____ LISTED ENTRIES

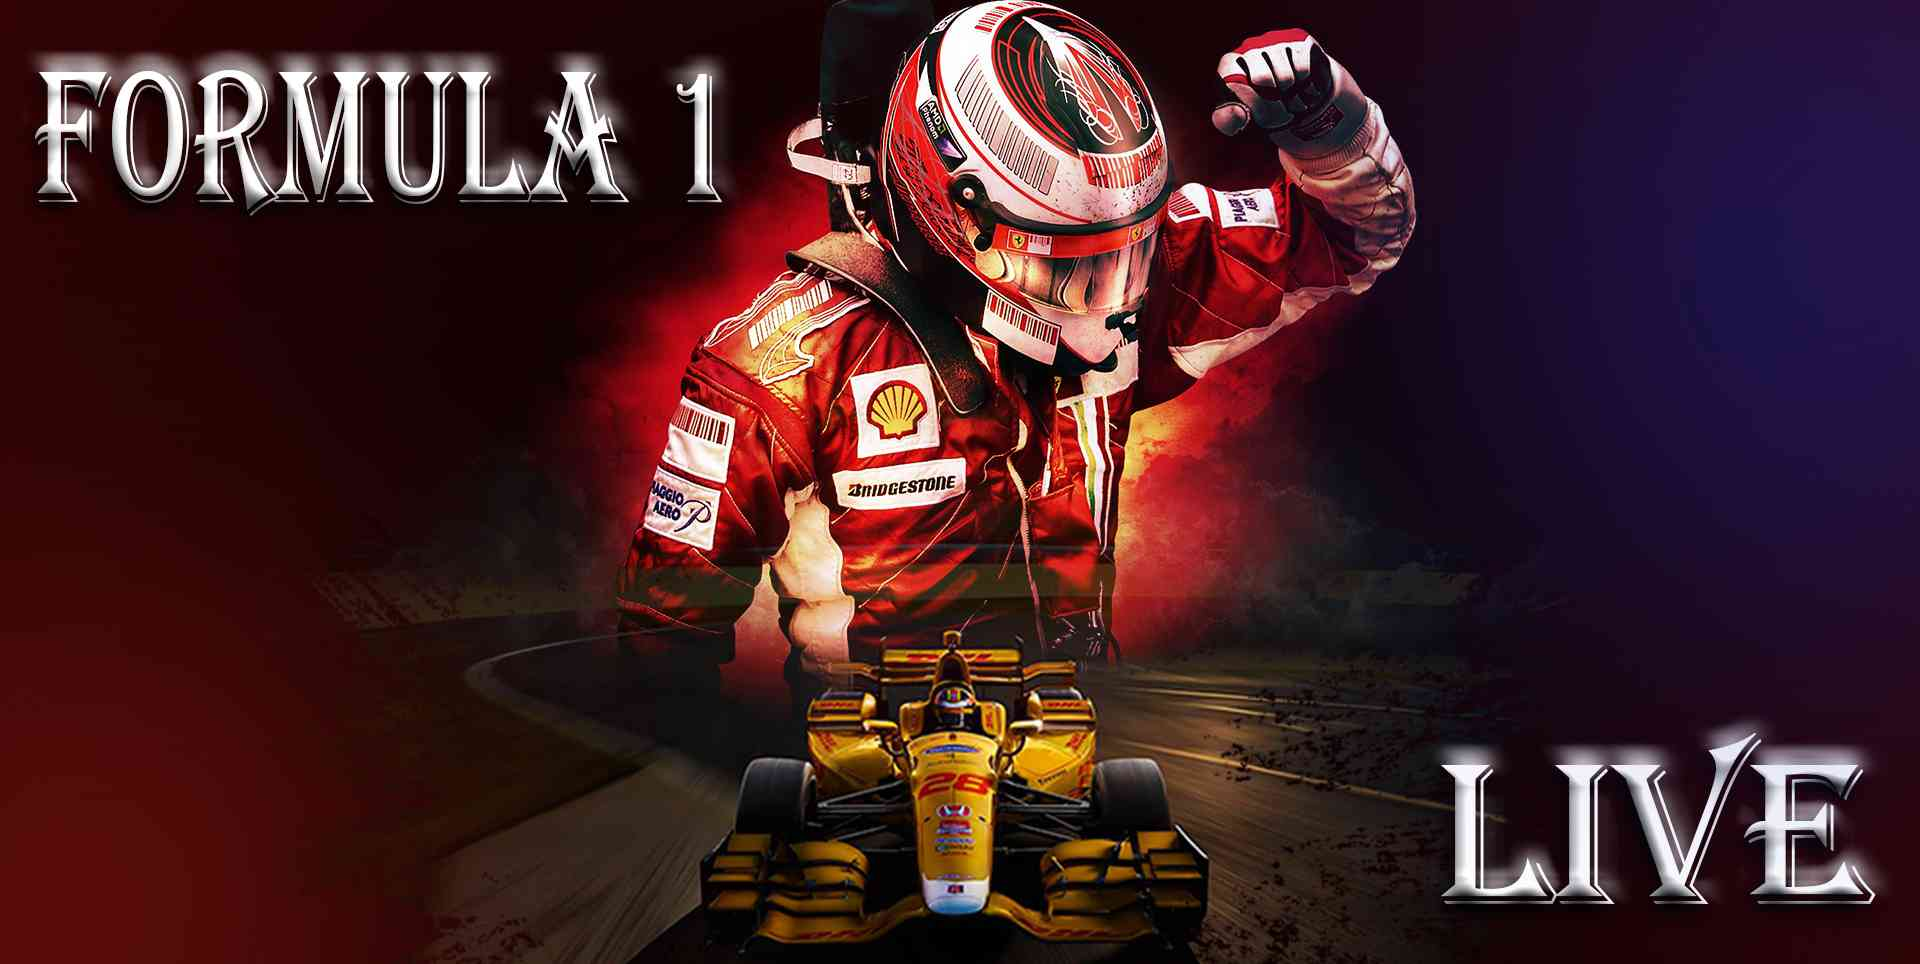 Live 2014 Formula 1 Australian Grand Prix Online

________
____ LISTED ENTRIES

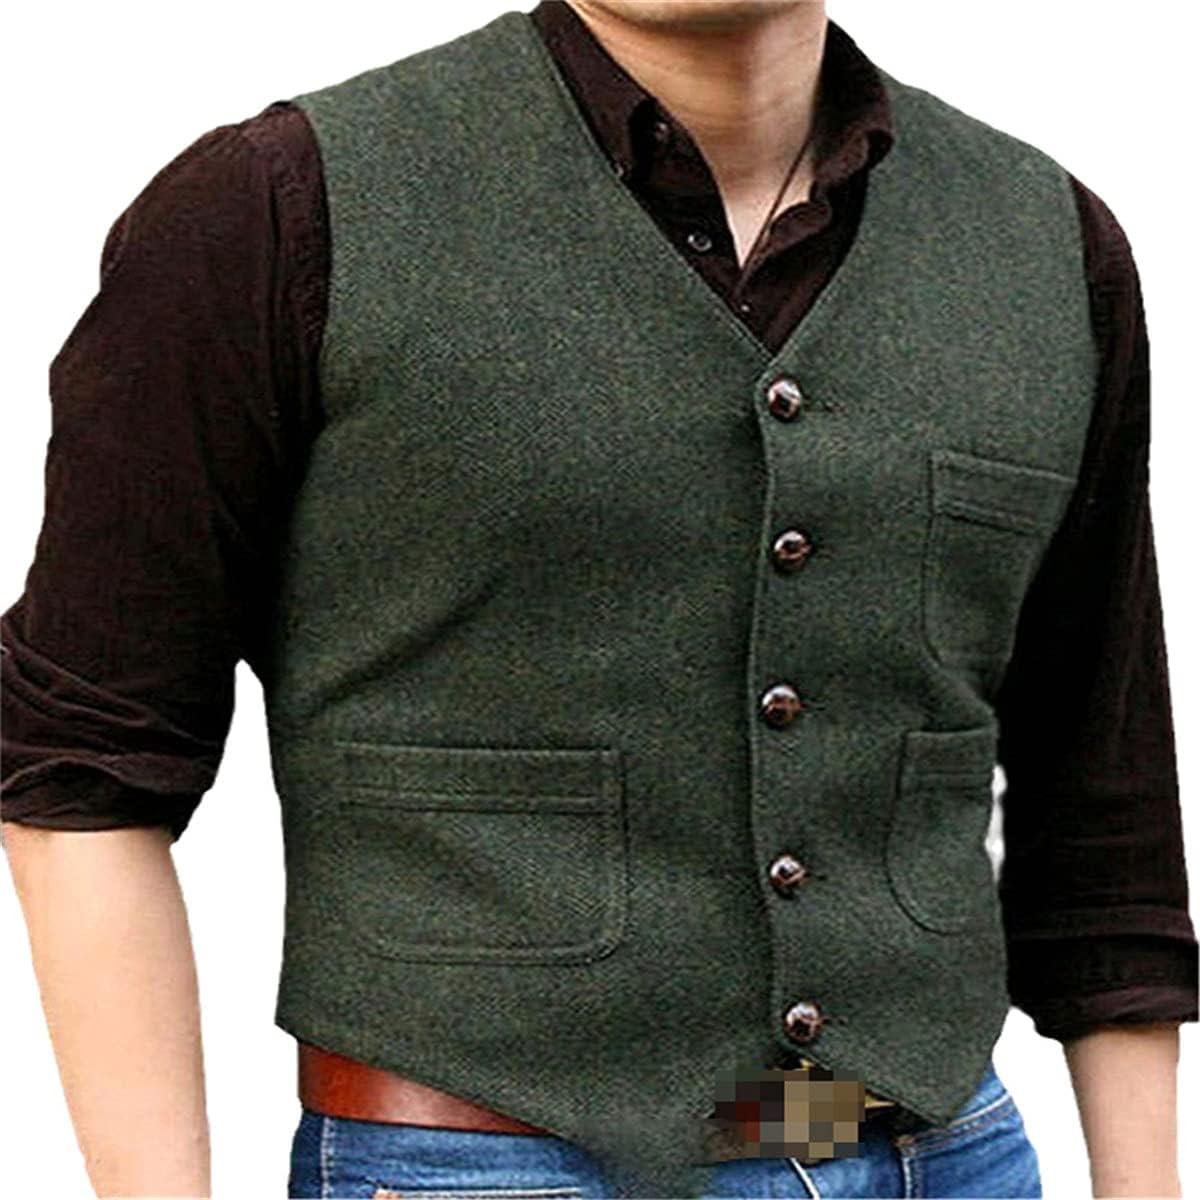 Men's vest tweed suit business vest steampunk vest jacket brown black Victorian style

________
____ LISTED ENTRIES

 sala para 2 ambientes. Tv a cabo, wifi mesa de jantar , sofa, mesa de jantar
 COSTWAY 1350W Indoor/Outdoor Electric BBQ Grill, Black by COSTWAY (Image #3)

________

Find the line with "sala para 2" in the material above. Reproduce it and each line after it up to and including the line with "COSTWAY 1350W Indoor/Outdoor".

 sala para 2 ambientes. Tv a cabo, wifi mesa de jantar , sofa, mesa de jantar
 COSTWAY 1350W Indoor/Outdoor Electric BBQ Grill, Black by COSTWAY (Image #3)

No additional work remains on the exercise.